**Your objective**:
The listing that follows should be copied in full and exactly, with no pictures.

**Data shown**:
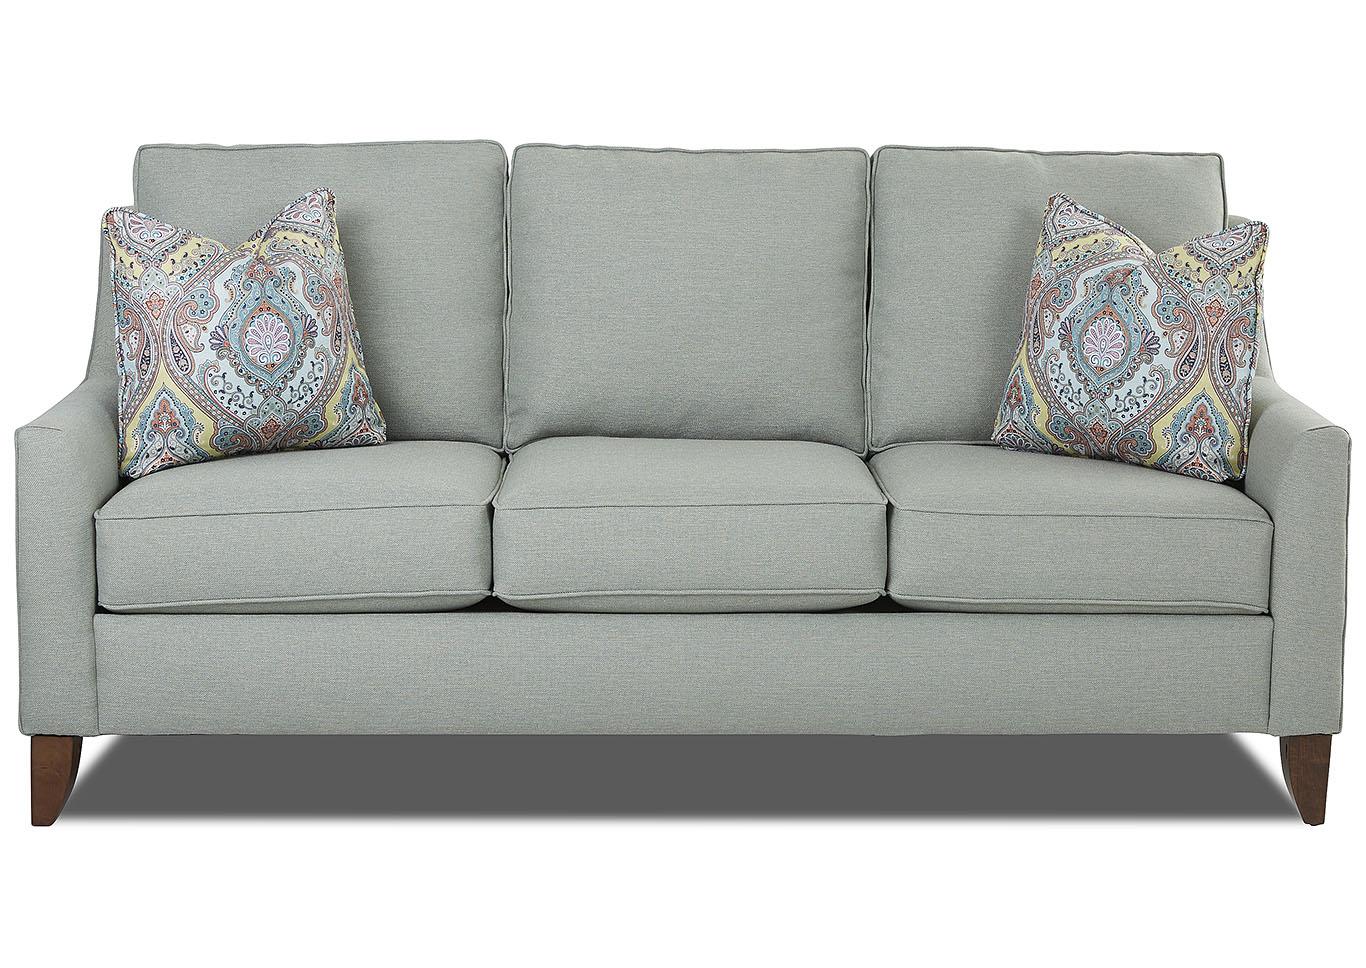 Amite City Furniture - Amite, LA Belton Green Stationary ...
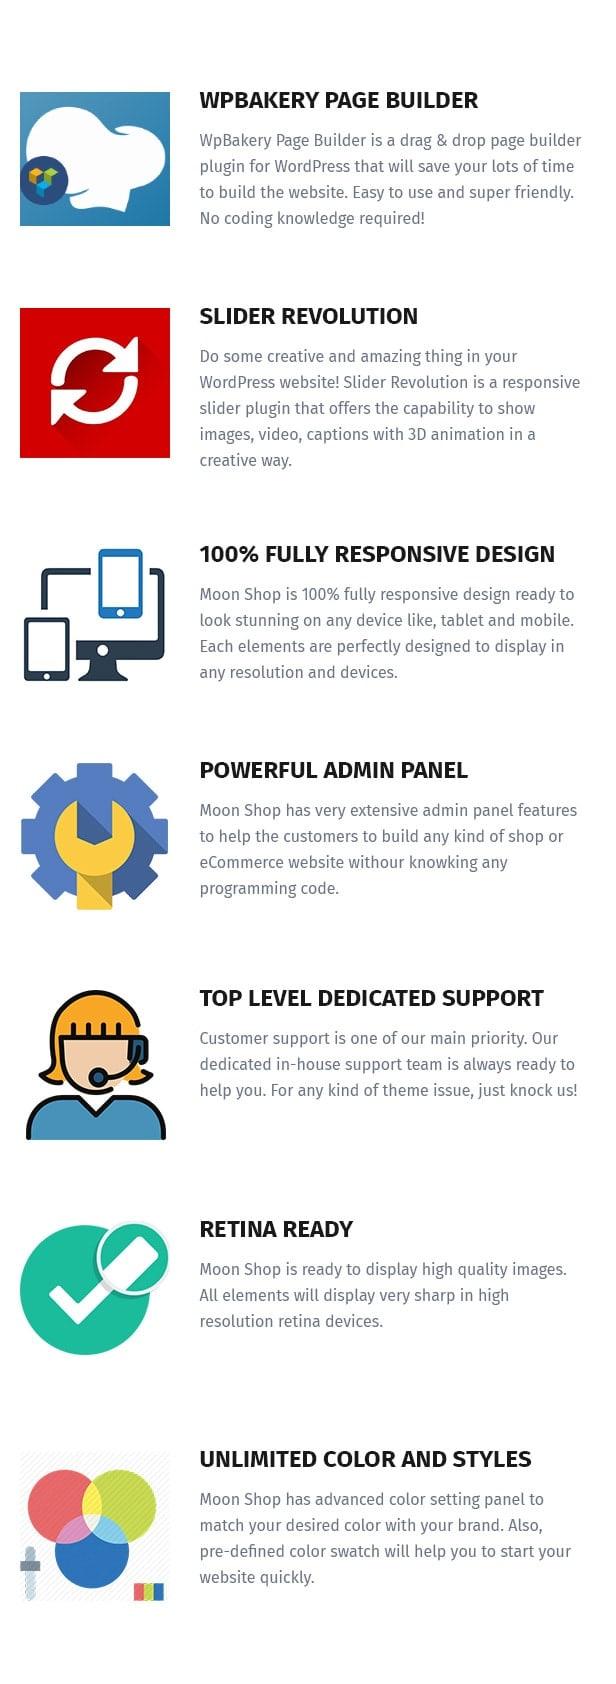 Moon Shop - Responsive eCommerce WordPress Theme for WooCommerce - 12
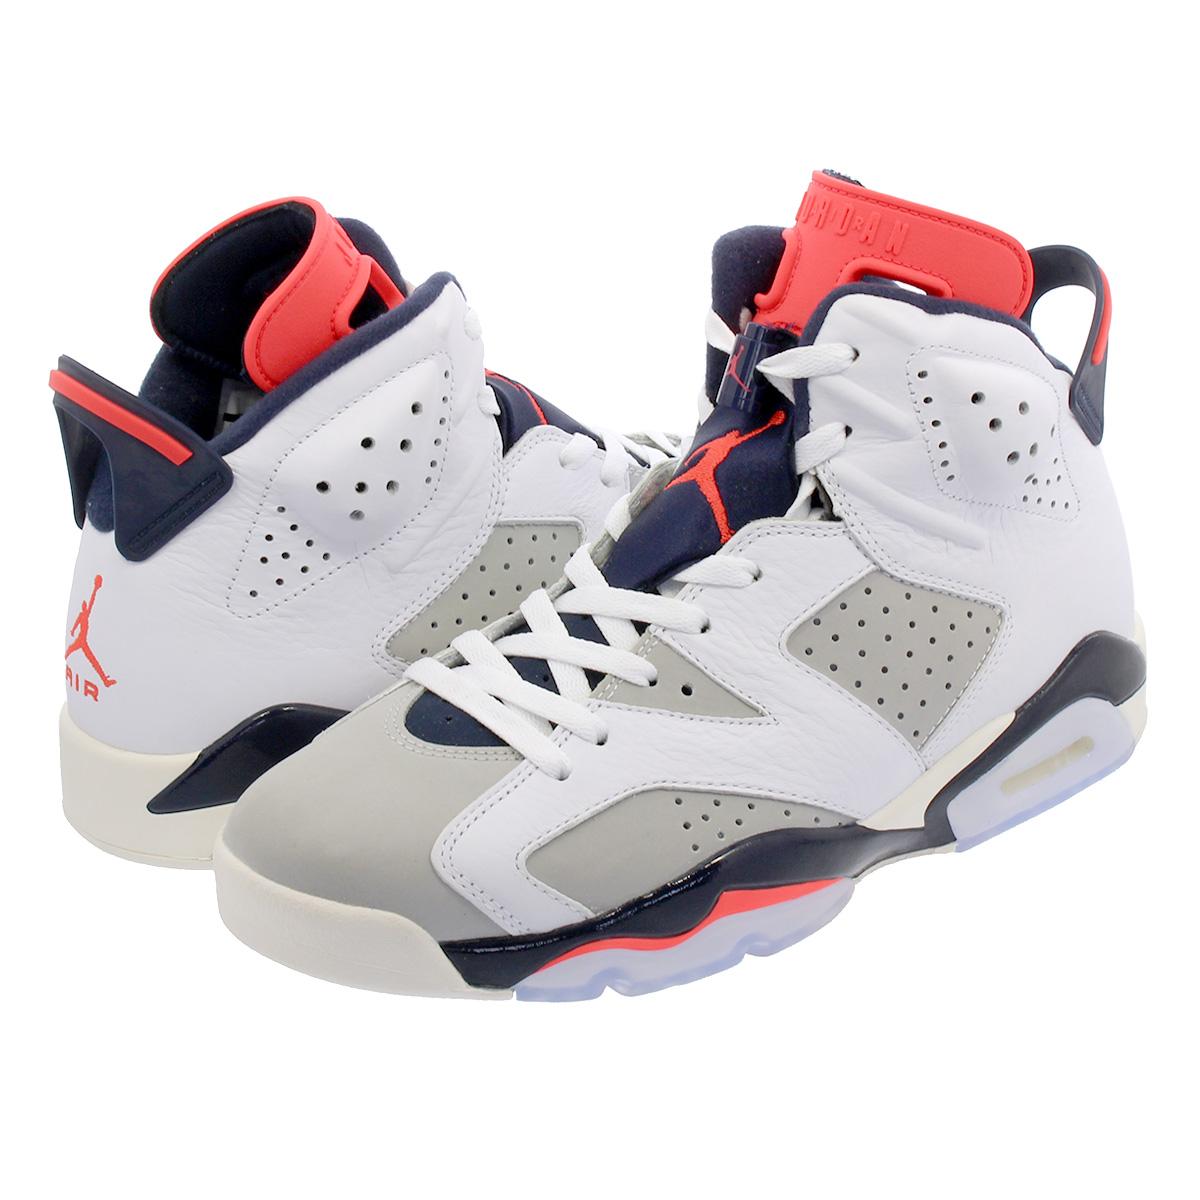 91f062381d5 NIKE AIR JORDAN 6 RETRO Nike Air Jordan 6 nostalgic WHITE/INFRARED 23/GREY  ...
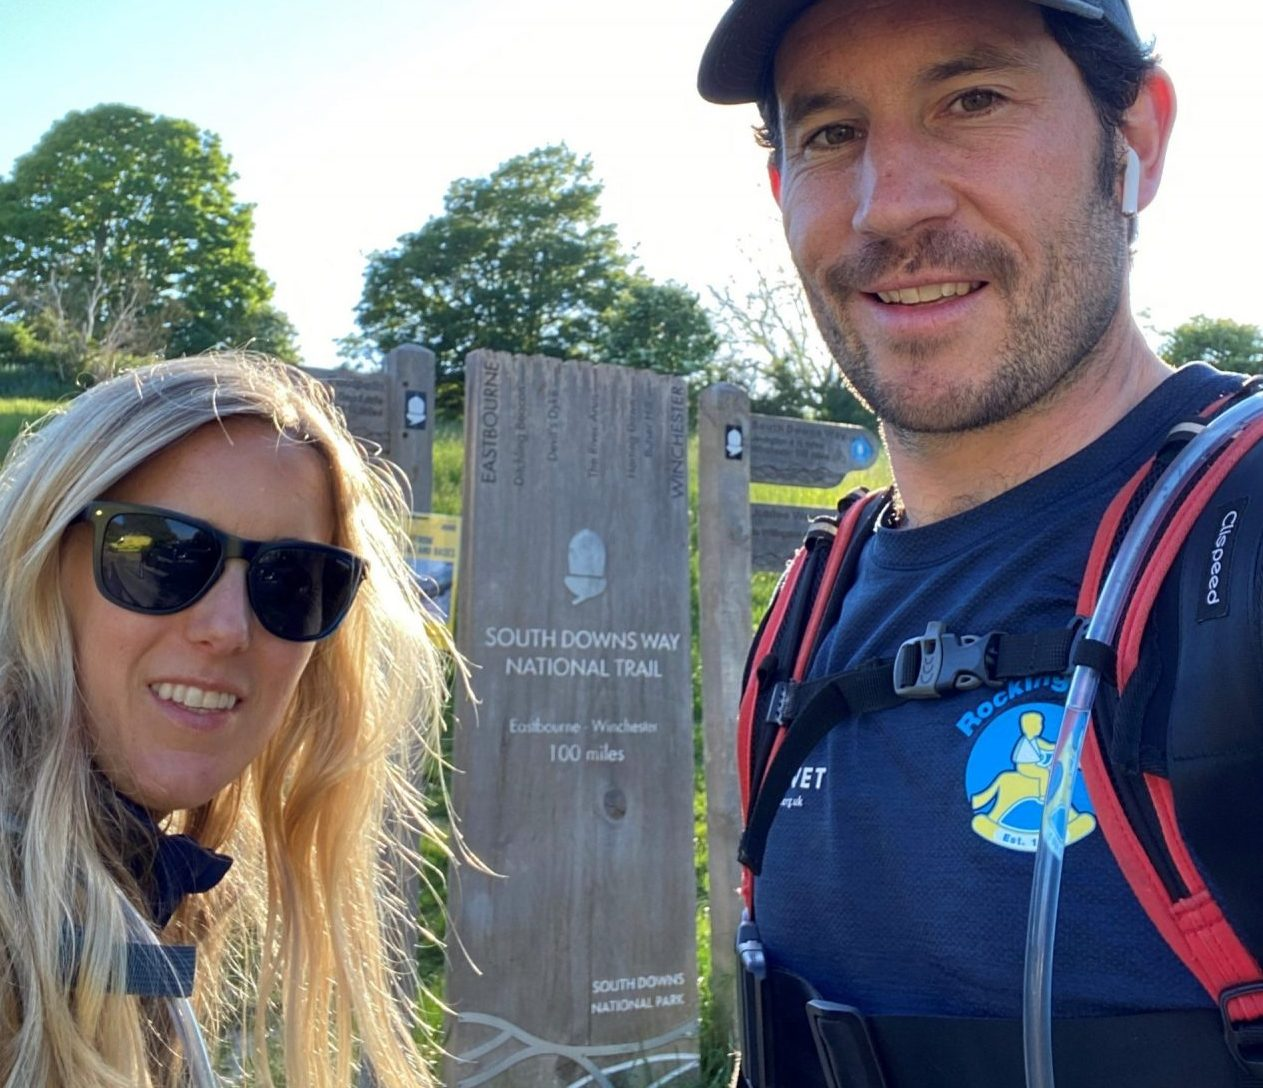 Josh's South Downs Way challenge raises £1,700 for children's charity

**Solution to this exercise**:
 Amite City Furniture - Amite, LA Belton Green Stationary ...
 Moon Shop - Responsive eCommerce WordPress Theme for WooCommerce - 12
 91f062381d5 NIKE AIR JORDAN 6 RETRO Nike Air Jordan 6 nostalgic WHITE/INFRARED 23/GREY  ...
 Josh's South Downs Way challenge raises £1,700 for children's charity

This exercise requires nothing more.